The journalist watched with nervous patience as the Daily Bugle’s editor-in-chief and/or publisher and/or Mayor of New York scanned the document.
“Uh huh. That’s crap. Hmm. Crap. Uh huh. Not bad. More crap. Less crap, more good. Dammit… why are there extra vowels everywhere?”
The phone chirruped into life. Jameson slapped it as if it were a bug.
“What is it Ms. Brant?”
“Z.S. is on line three, sir.”
“I’ll take it.” Jameson put the receiver to his ear, still using his free hand to flip through the article. “Z.S.! Great to hear from you! How’s the girlfriend? Oh? Oh.
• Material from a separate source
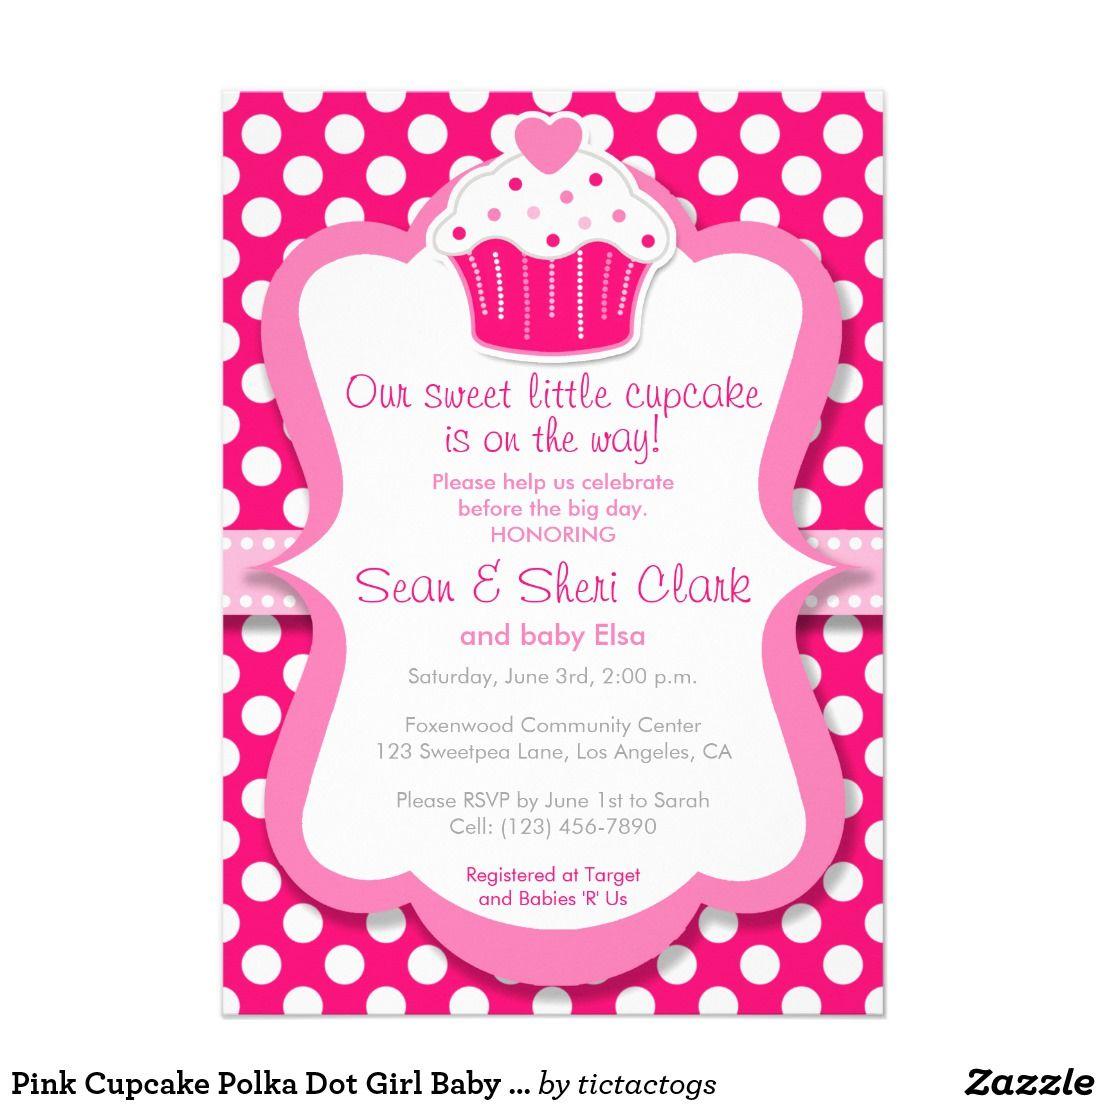 Pink Cupcake Polka Dot Girl Baby Shower Invitation Express your love ...
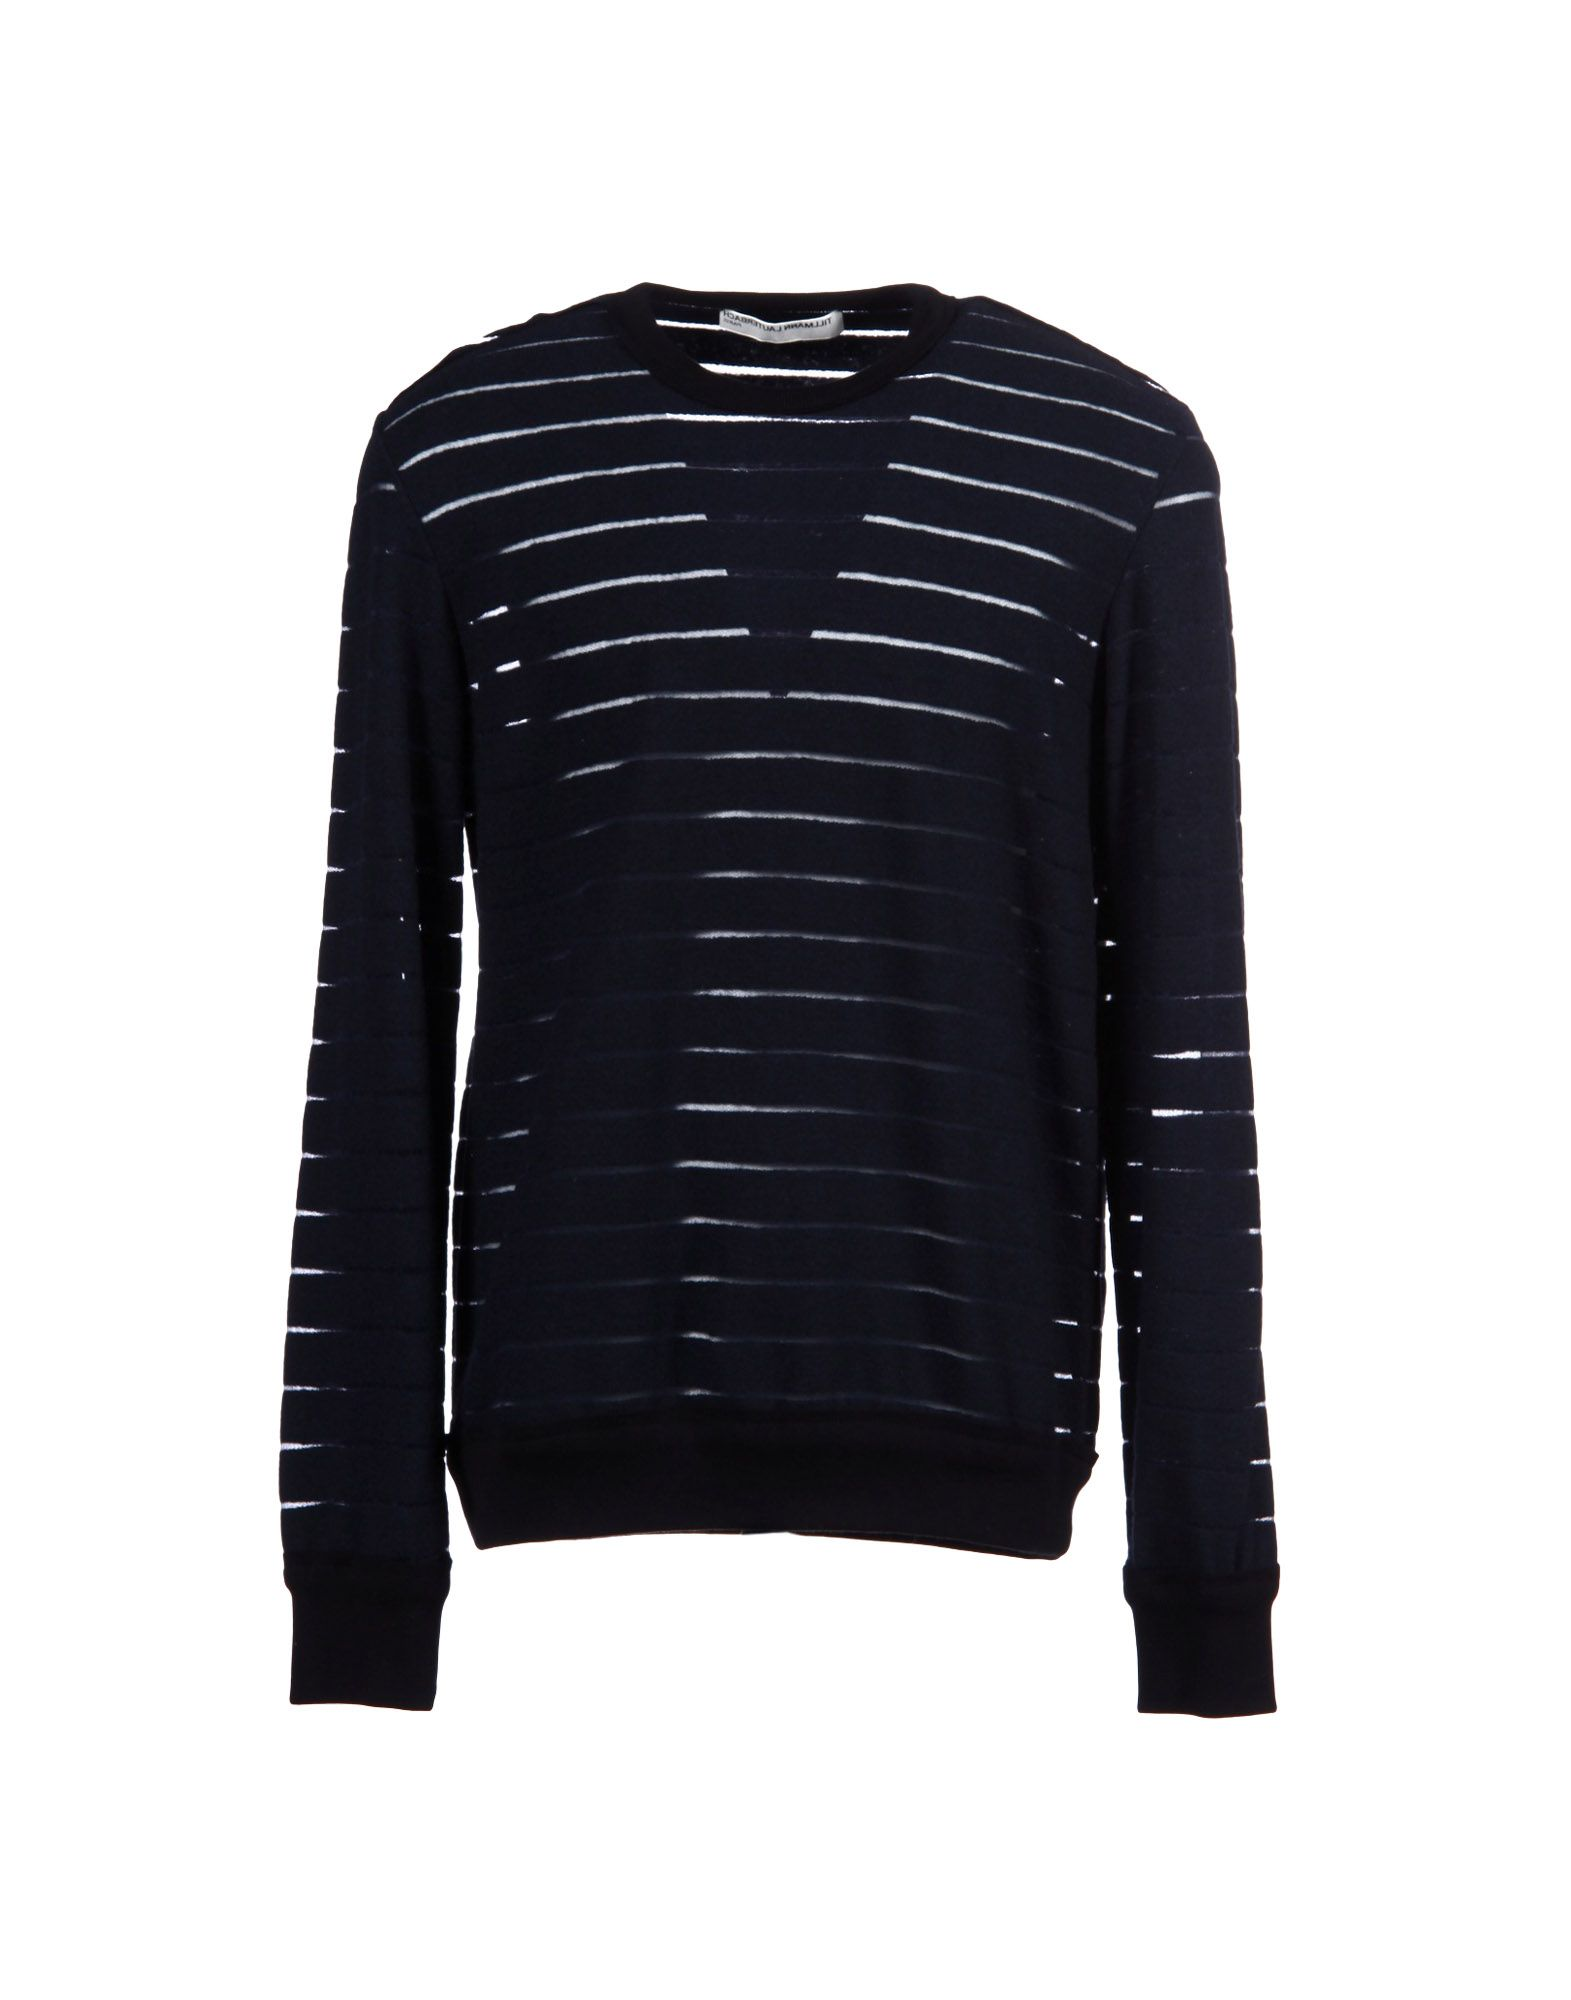 TILLMANN LAUTERBACH Sweater in Dark Blue

Well, that’s a pity, especially seeing as
you’re fired.”
He put the phone down and turned his full attention back to the pitch.
“Ah, that last part is pretty good.” Jameson nodded. “How many times did you use the word ‘pervert’?”
“Fourteen.”
“Make it twenty and I’ll run with it.” He thrust it back at the writer and began to flick through a glossy pile of dark, foggy, or out-of-focus stills. “Damn that Parker. These shots of Crab-man? I’d get better if I went down to the beach and hired a crab. Hah. Did you see what I did there, Crap?”
“It’s Crab. Eddie Crab.”
“Whatever. I need to know where to get some good material for the front page, Cram. Where the hell does a man-crab hang around?”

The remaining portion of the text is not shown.